Transcribe the entries below exactly, starting with the line that has "524.808 SHEEGO Damen-Shirt Kiwi" and stopping after the line that has "暴力杭コンテストスタイリッシ"; no pictures belong in the copy.

======== DATA PROVIDED

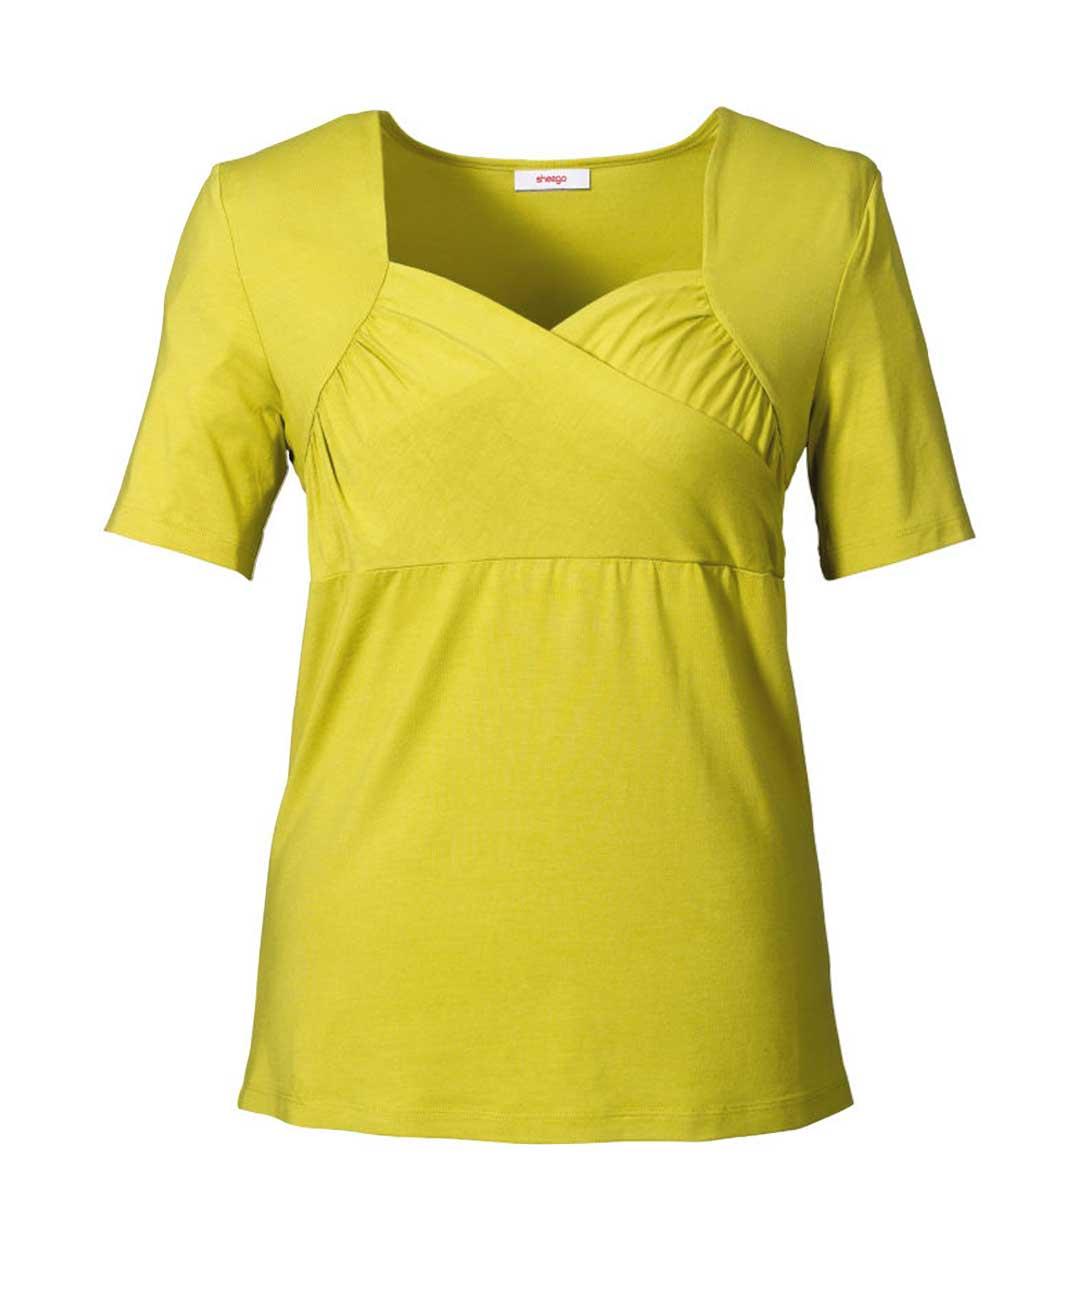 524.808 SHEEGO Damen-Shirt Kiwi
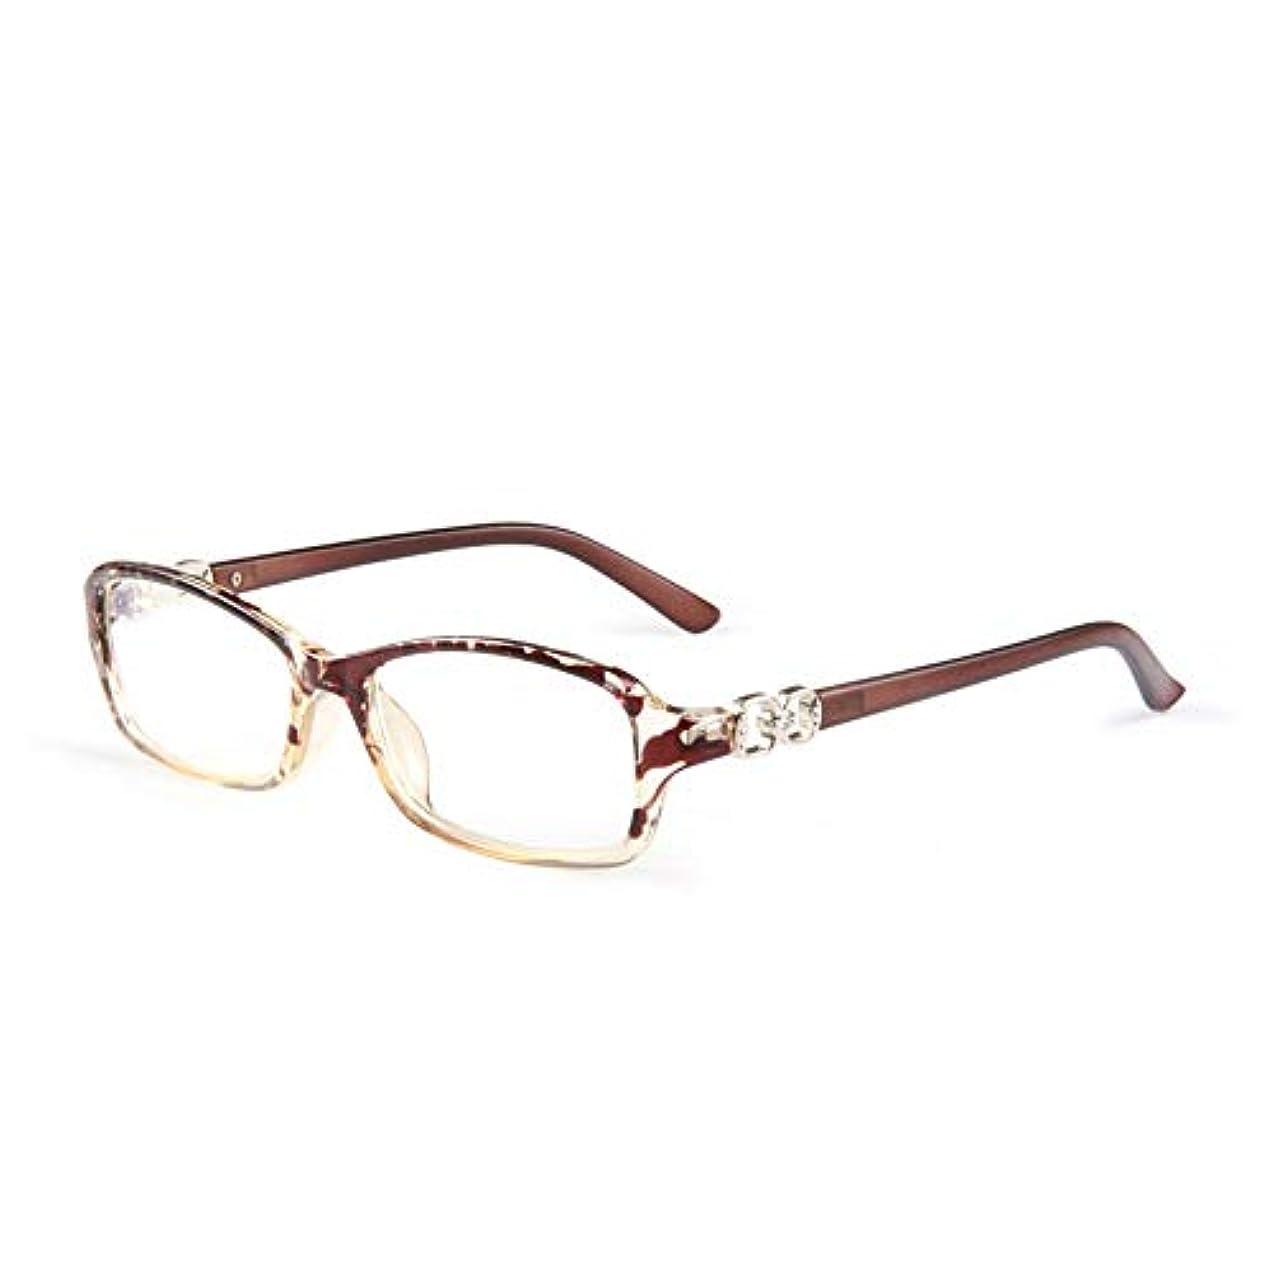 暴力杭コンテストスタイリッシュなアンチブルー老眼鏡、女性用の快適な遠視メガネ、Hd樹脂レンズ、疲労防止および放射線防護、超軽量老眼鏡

================
======== DATA PROVIDED

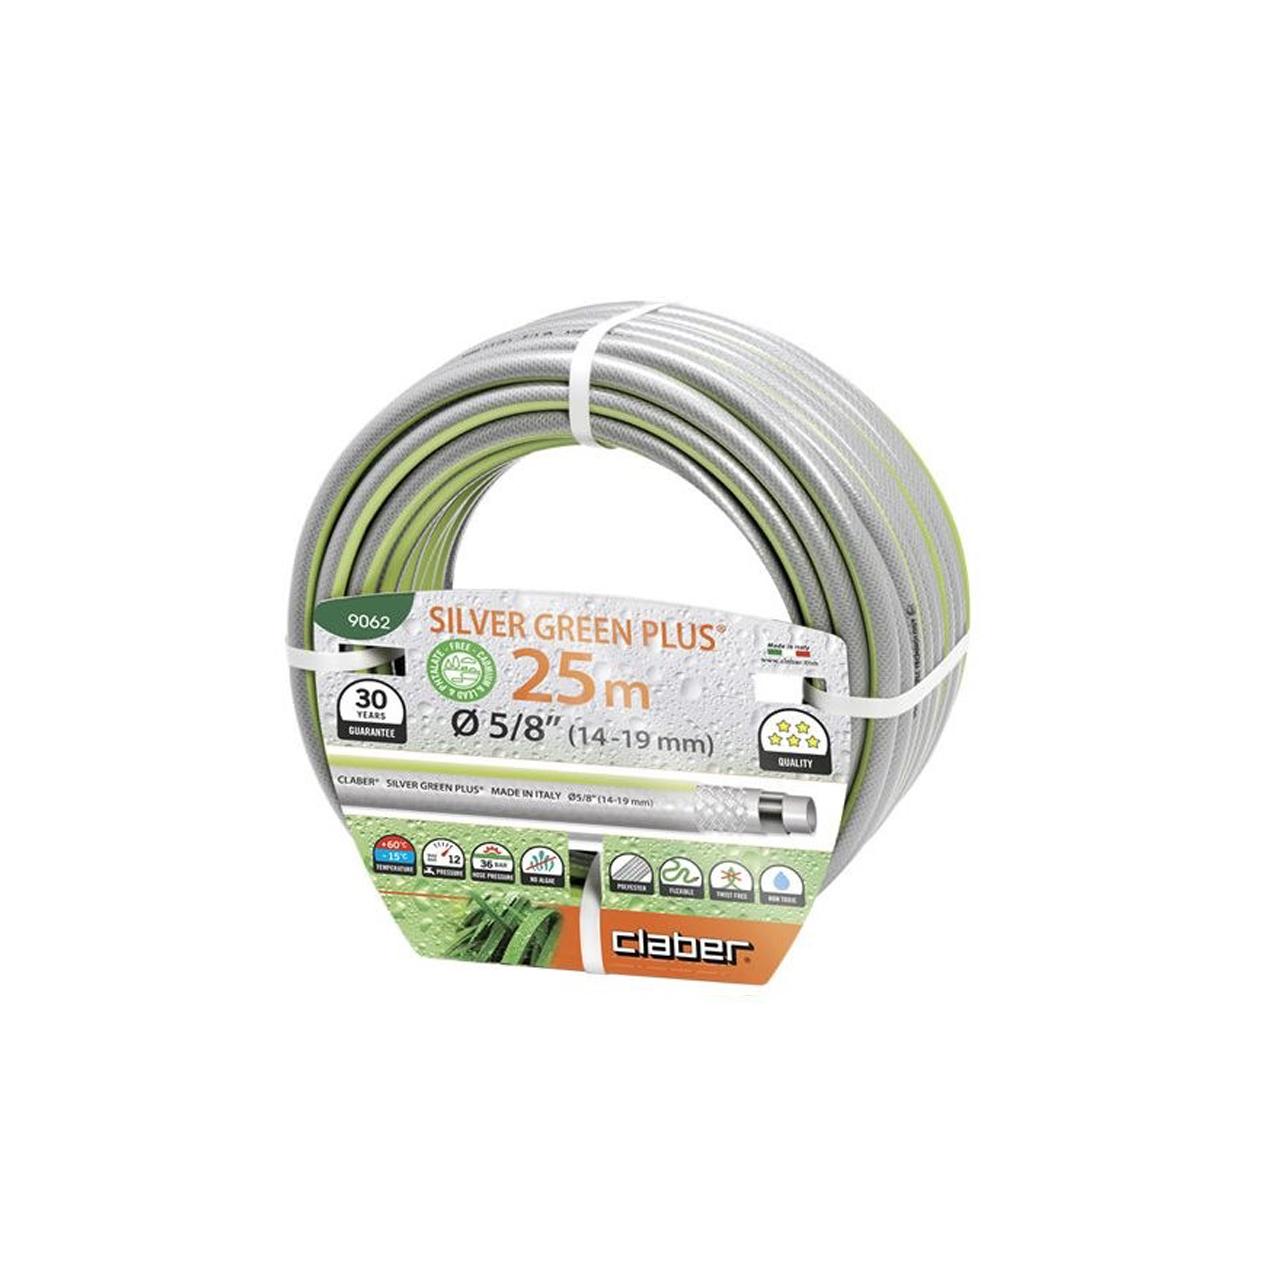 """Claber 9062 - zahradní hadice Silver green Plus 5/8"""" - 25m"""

================

## SOLUTION FOR THIS EXERCISE
 524.808 SHEEGO Damen-Shirt Kiwi
 暴力杭コンテストスタイリッシュなアンチブルー老眼鏡、女性用の快適な遠視メガネ、Hd樹脂レンズ、疲労防止および放射線防護、超軽量老眼鏡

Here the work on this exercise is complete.